Where We Live: Poetry of New Mexico

By R.W. French

 

Valerie Martínez: Absence, Luminescent

 

            First it must be said that the poetry of Absence, Luminescent is like no one else's. If any names of comparable poets come to mind, they might be Jorie Graham, Carolyn Forché, or Charles Wright, but that's only to place the work of Valerie Martínez in its proper company, not to suggest close likenesses. This poetry is of itself and all its own, the voice distinctive, the artistry unique.

            The dominant music of these poems is deep and thoughtful, complex and resonant, densely textured and intricately woven; there are, indeed, times when it suggest the spiritual orchestrations of, say, Wagner or Bruckner. These are not poems that encourage quotation, for each is a distinct continuity; nor is this is a poetry of memorable phrase or vivid metaphor; rather,  poems demand to be read as totalities. No part is sufficient when detached from its context.
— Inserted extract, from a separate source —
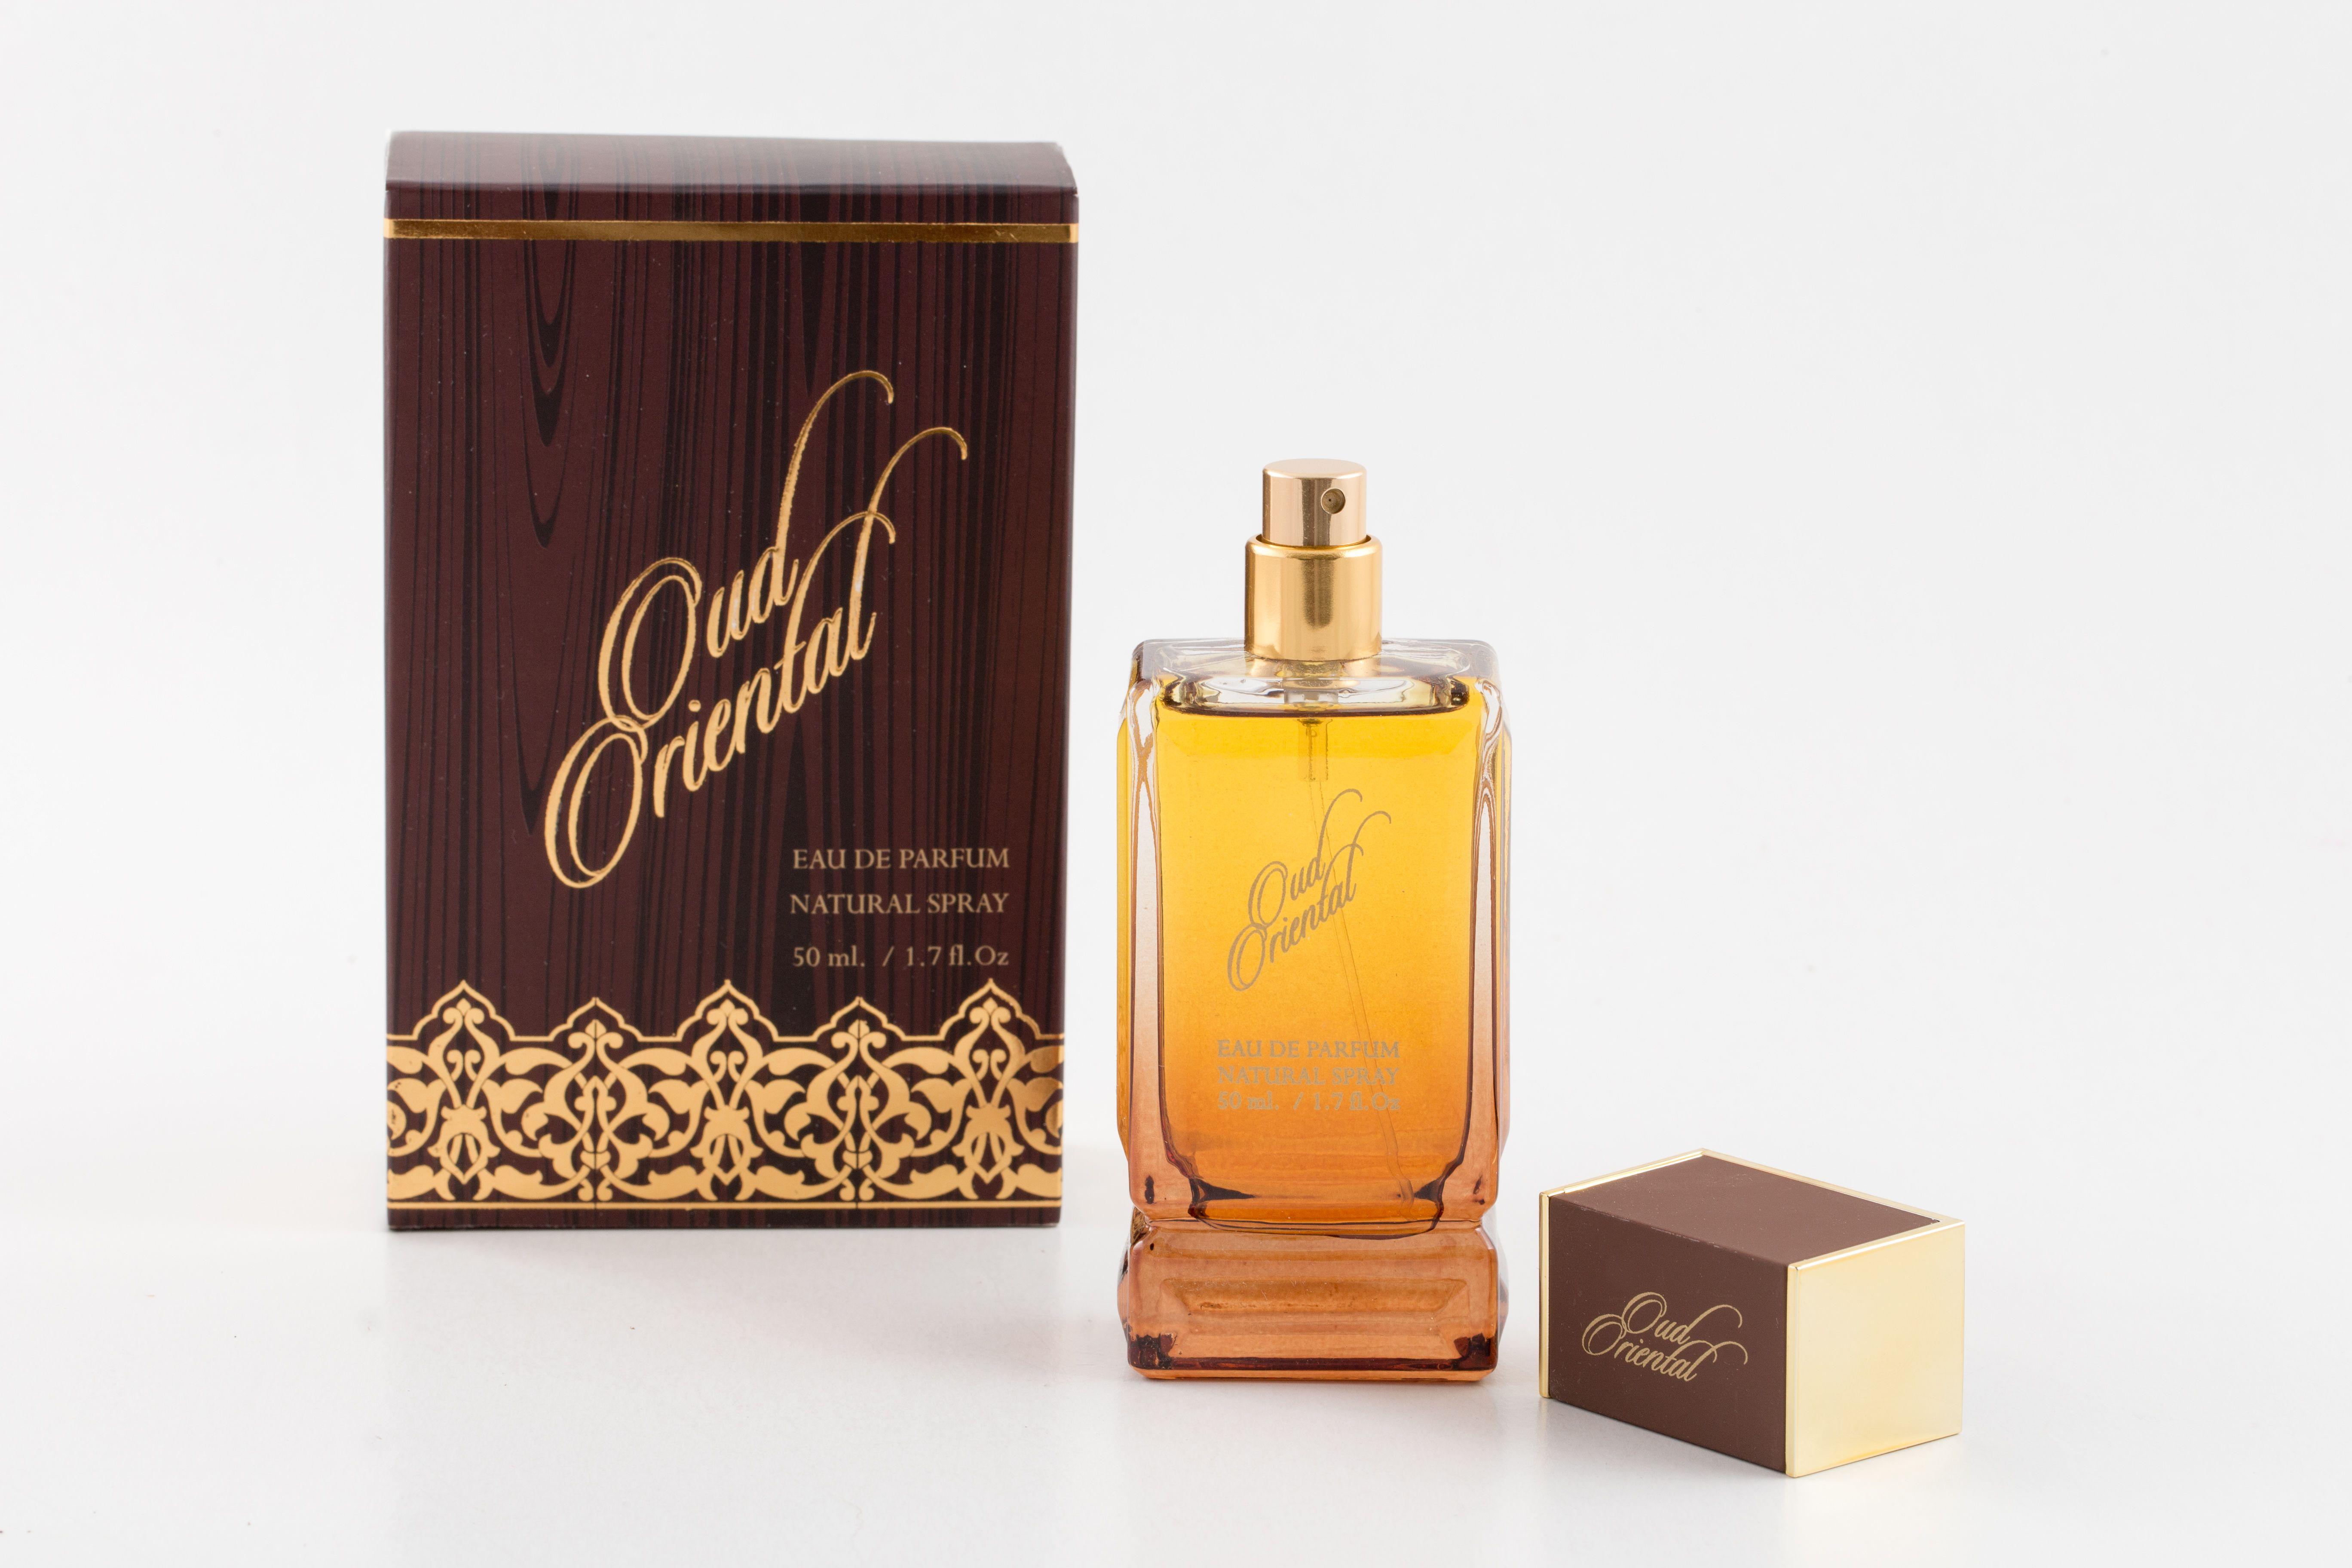 Pin By Alsharqiyah الشرقية للعود On اورينت العود Perfume Bottles Perfume Bottle

There is much of beauty in these poems—see, for example, the delightfully lyrical "Meagen's Flute"—and it is a beauty of harmonious wholes and exquisite craftsmanship.
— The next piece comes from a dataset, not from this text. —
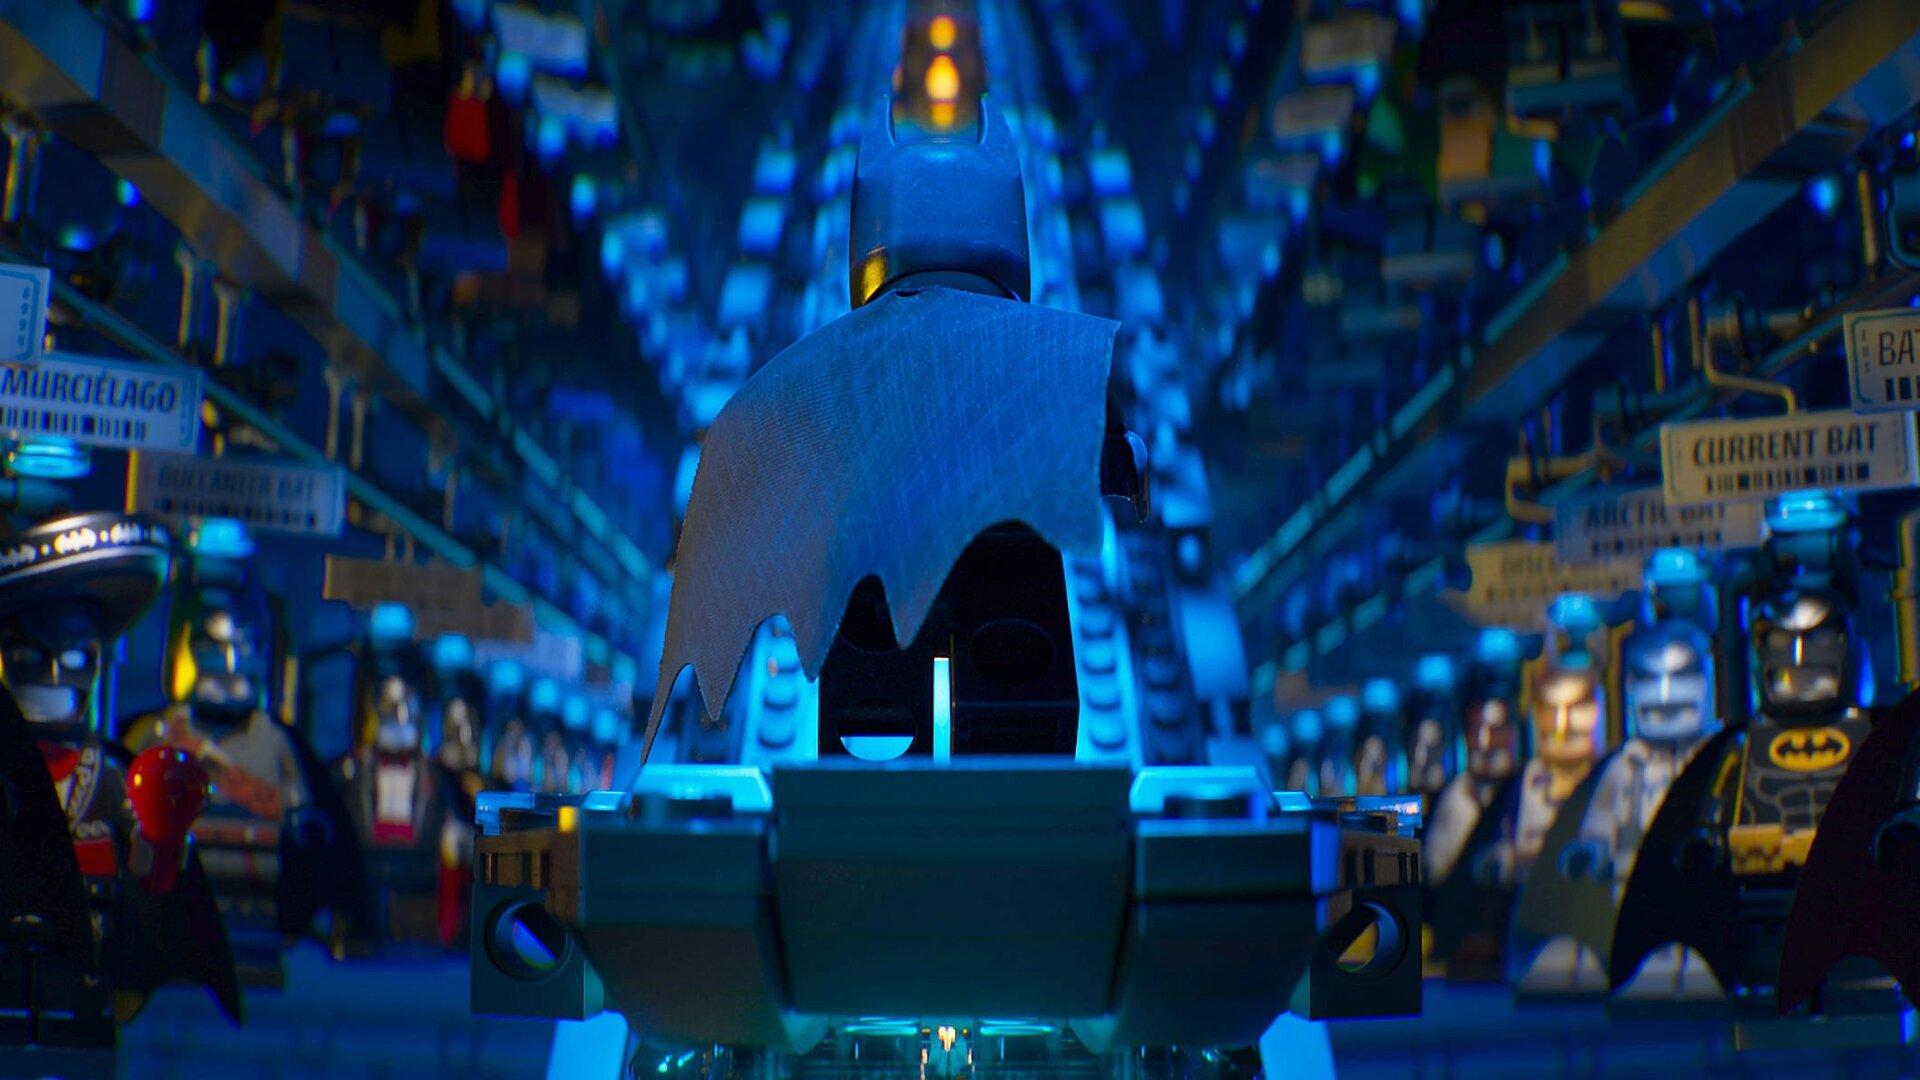 1920x1080 The Lego Batman Movie HD Laptop Full HD 1080P HD ...

            The poems of Absence, Luminescent find their unity in the flow of intense meditation. They focus deeply inward. Seldom do we find ourselves in any recognizable place; the landscape is interior. Nevertheless, at any moment the poems may turn out to the world—often violent and threatening—that forces itself into consciousness. We are made to confront, for example, such victims as the political prisoner in a cramped Beijing cell, chicken of the "disappeared" in Argentina, the woman in a broken-down car during a blackout, the mob threatening. The calm of the meditative voice in these poems stands frequently in marked, ironic contrast to the subjects of its discourse.

            The poems of Absence, Luminescent often present themselves in the manner of meditations overheard,  phrases barely within reach:"luminescent" indeed, spoken in evocative whispers, as befits a poetry that deals so often with themes of absence and loss. The language is probing and evanescent, as through searching to express the inexpressible. Here are the opening lines of "The New World":

 

You are the kind of beauty

which delivers me up to some

midnight vision of water—

dark, enigmatic, moving

with figures so exotic

they must be ancient animals.

Somehow it happens

that the new world emerges

out of restlessness, the sleepless

turning of colors in darkness.

 

Often, indeed,  these poems come to the reader as waking dreams, revelations in the process of being discovered. These are poems of apprehension, not of statement; ÒmeaningÓ seems to rise to the surface from sources unknown and deeply mysterious. Consider, for example, the first section of the title poem:

 

Arch inverted: white peony

and stamens, yellow. Center

of the body. Imagines.

Who is absent.

 

Fingers in my mouth—memory.

Dragonfly so blue in the head.

Orange, as fire, in the body.

 

Wings, transparence. Disappearing arms.

 

The space where he was. Aureole.

The space he is, she was.

And the opposite.

 

Defines the dragon which flies.

Iridescent where it was.

Echo of hued wings.

 

The poem seems to be willing itself into being even as we read.